» Extracted records:
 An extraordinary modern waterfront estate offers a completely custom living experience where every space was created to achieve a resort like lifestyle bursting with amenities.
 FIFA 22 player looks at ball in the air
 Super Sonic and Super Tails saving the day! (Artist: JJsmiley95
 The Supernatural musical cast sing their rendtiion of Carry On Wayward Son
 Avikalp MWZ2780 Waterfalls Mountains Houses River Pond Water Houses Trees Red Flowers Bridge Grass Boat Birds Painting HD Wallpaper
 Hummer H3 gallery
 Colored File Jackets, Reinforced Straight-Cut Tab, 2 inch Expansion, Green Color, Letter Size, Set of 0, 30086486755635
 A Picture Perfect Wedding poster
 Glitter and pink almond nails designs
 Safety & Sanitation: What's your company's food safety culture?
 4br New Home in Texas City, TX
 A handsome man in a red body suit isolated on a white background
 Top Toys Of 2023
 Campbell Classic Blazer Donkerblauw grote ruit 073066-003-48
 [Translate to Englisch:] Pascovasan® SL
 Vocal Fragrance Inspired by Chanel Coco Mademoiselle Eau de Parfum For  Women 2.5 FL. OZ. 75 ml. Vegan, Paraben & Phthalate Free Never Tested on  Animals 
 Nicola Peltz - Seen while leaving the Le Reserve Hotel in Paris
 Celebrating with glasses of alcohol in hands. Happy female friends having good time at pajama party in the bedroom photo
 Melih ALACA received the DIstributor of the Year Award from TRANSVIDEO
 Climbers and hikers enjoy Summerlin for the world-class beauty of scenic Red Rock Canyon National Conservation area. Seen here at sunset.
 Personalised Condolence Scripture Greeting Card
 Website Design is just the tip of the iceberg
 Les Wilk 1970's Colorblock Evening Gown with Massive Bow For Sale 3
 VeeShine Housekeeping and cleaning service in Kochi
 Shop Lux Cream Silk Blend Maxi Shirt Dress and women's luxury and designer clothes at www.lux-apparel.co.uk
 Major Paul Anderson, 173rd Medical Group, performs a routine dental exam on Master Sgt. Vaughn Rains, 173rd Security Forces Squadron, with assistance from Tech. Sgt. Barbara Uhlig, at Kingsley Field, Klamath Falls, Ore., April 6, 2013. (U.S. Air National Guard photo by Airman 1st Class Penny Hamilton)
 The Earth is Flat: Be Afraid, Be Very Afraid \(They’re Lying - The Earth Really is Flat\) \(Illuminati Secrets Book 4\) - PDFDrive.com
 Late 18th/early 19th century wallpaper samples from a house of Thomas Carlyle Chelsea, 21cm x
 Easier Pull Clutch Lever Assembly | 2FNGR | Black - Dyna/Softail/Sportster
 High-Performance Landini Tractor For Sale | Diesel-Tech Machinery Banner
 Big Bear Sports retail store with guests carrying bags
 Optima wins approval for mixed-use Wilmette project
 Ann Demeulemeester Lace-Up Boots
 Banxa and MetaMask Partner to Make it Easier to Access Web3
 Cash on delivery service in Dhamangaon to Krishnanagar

» What to produce: Copy out each line of the material in which the word "from" turns up.

» Your response:
 Melih ALACA received the DIstributor of the Year Award from TRANSVIDEO
 Major Paul Anderson, 173rd Medical Group, performs a routine dental exam on Master Sgt. Vaughn Rains, 173rd Security Forces Squadron, with assistance from Tech. Sgt. Barbara Uhlig, at Kingsley Field, Klamath Falls, Ore., April 6, 2013. (U.S. Air National Guard photo by Airman 1st Class Penny Hamilton)
 Late 18th/early 19th century wallpaper samples from a house of Thomas Carlyle Chelsea, 21cm x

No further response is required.